BY KEITH BENMAN, Times of Northwest Indiana
The South Shore Line carried 4.21 million passengers last year, a 10.7 percent jump over 2005 and the most carried by the commuter railroad since 1957.
The surge in ridership comes as the Northern Indiana Commuter Transportation District, the railroad's operator, is finalizing financing for 14 new double-decker cars. Those cars will be used to add two trains at both the morning and evening rush hours.
"We believe the demand is there and that additional capacity is needed to attract key passengers," NICTD spokesman John Parsons said on Tuesday.
The railroad saw even more dramatic jumps in ridership in off-peak hours, with ridership increasing 32 percent in off-peak hours during the Taste of Chicago festival in July, Parsons said.
For the year, off-peak ridership during the week was up 15.7 percent and on weekends ridership was up a similar amount.
"What that says is more and more occasional passengers are opting for train service as opposed to driving into Chicago," Parsons said.

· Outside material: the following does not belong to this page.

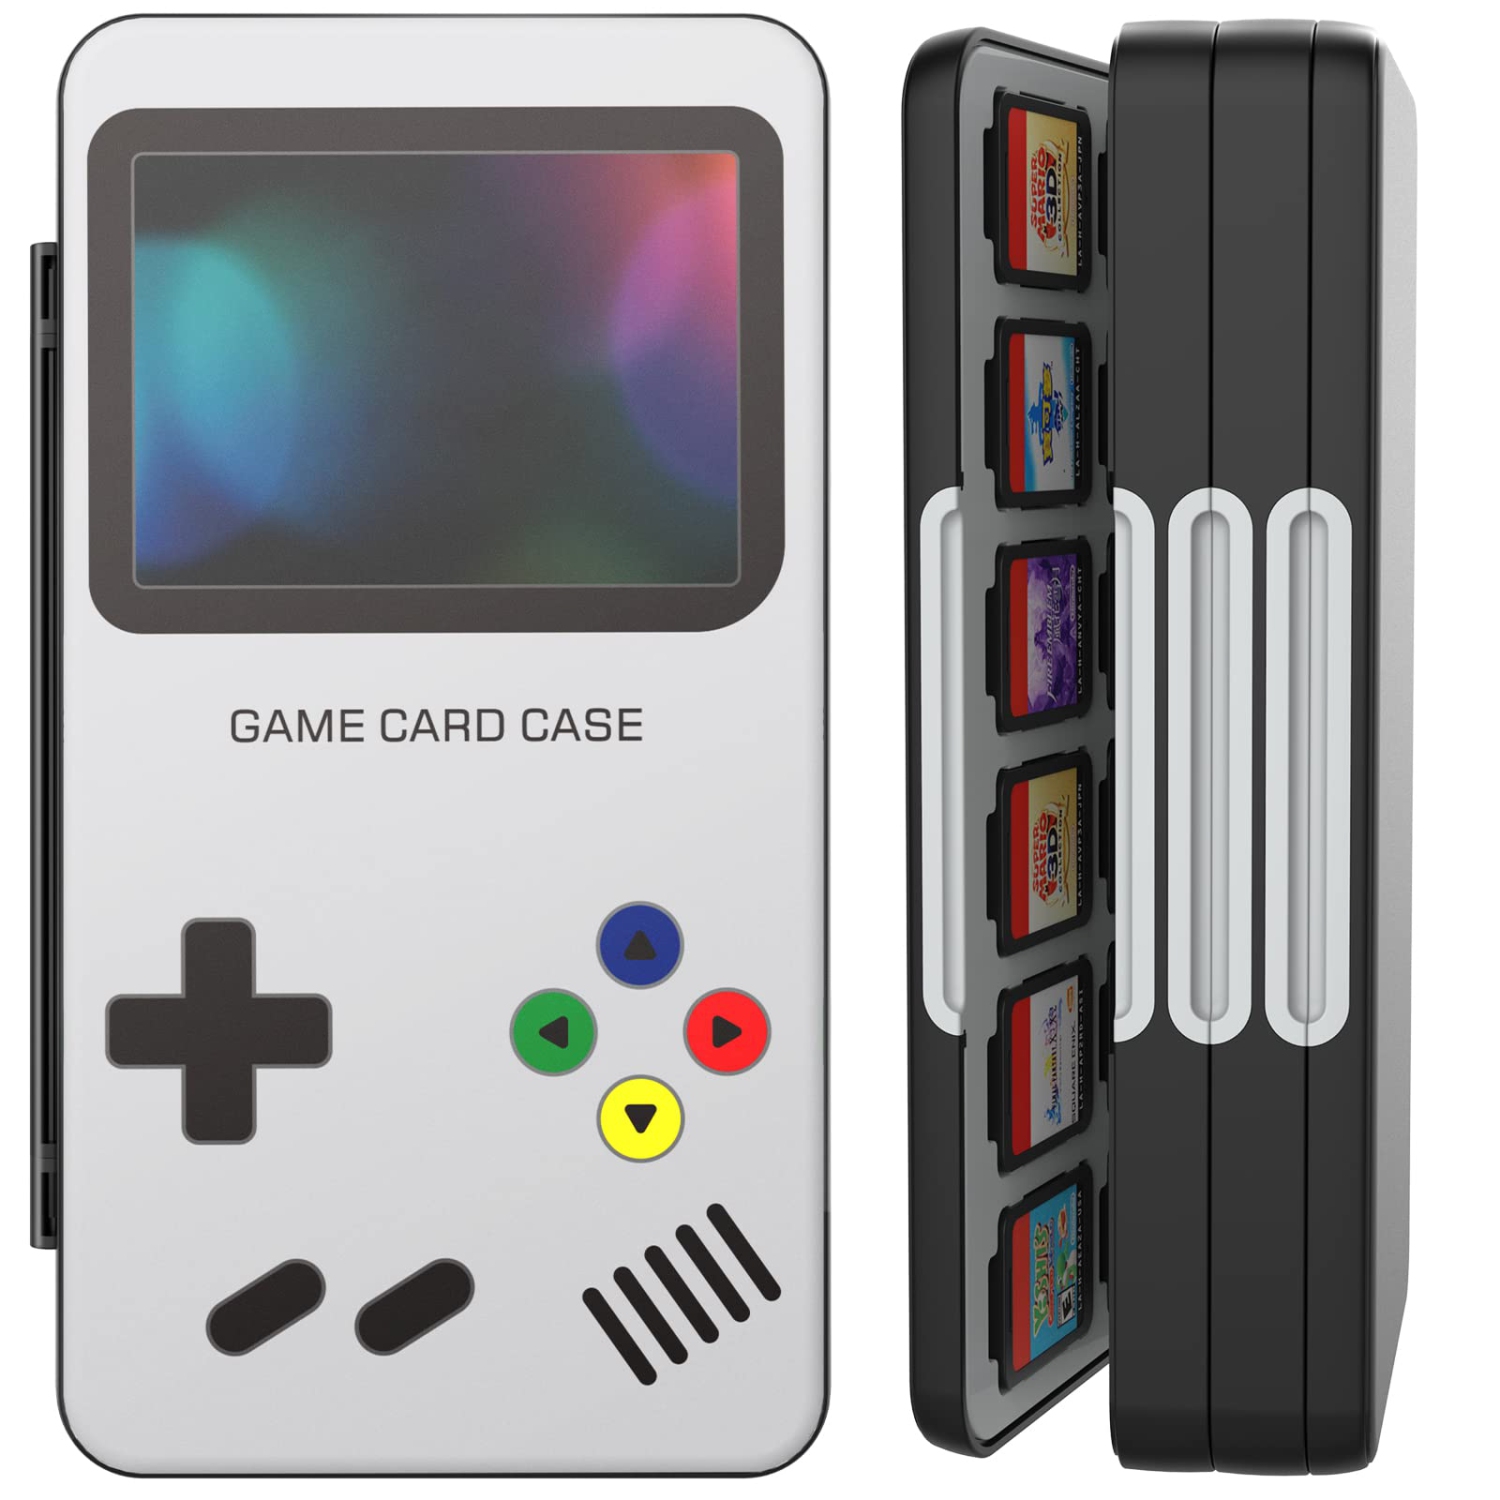 Game Card Case for Nintendo Switch and Switch OLED,Customized Pattern Nintendo Switch Lite Game Card Storage Case with 72 Game Card Slots and 24 Micro SD Card Slots.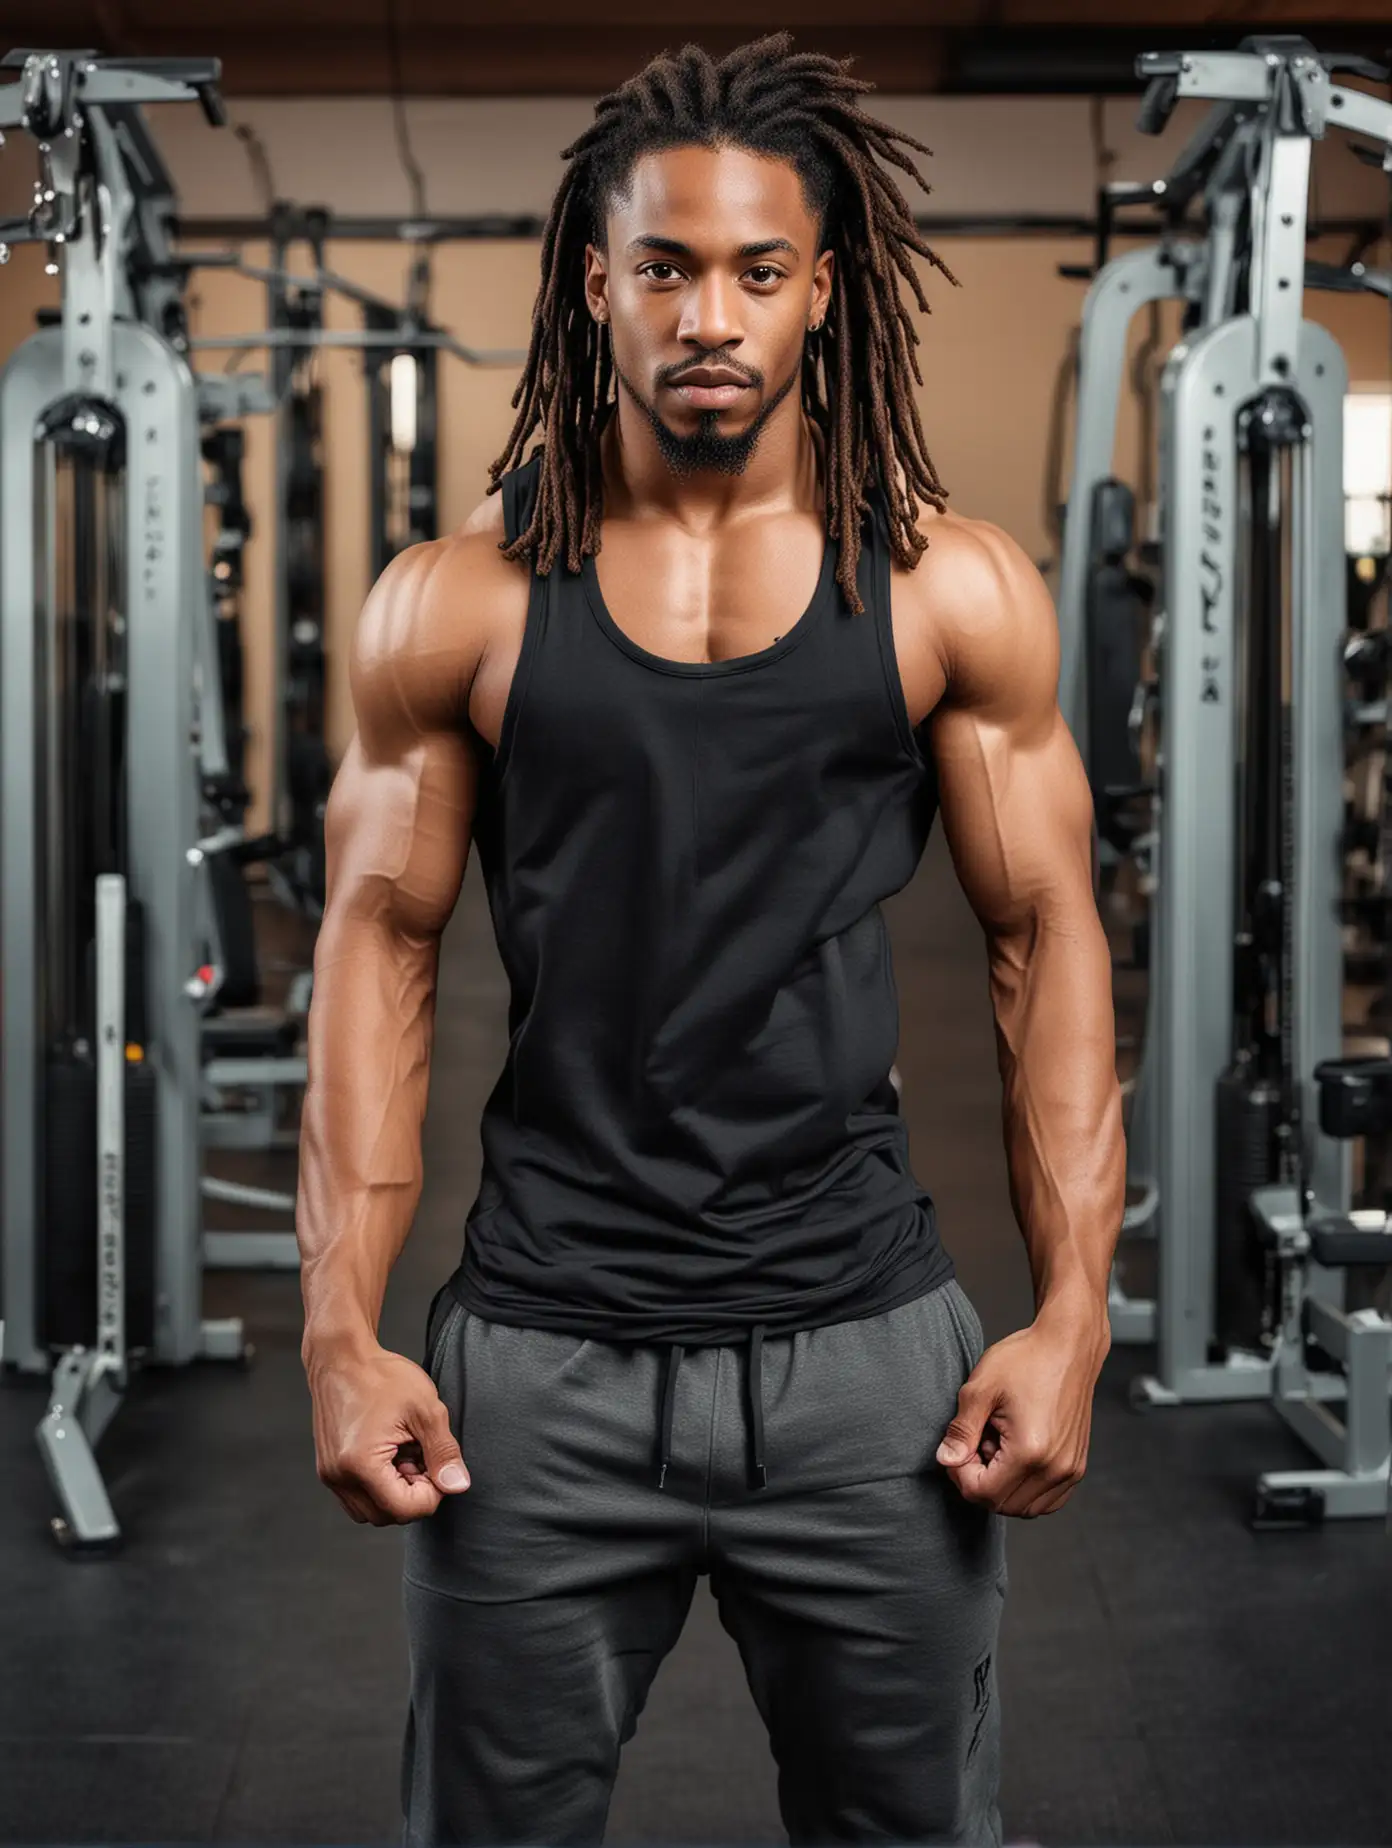 African American Male Bodybuilder Posing in Gym Front Double Biceps Display

According to NICTD figures, the South Shore carried 3.8 million passengers in 2005 and it carried 3.54 million passengers in 2004.
On an average weekday last year, the railroad carried 14,301 passengers.
The South Shore runs trains from South Bend to Chicago's Millennium Station at Randolph Street, a distance of almost 90 miles. It operates 41 trains per day during the week and 21 per day on weekends.
NICTD is also awaiting a study which will show if a proposed extension of the commuter railroad to Lowell and Valparaiso is likely to receive federal funding.
That extension would have the potential to triple South Shore ridership, according to the railroad's studies.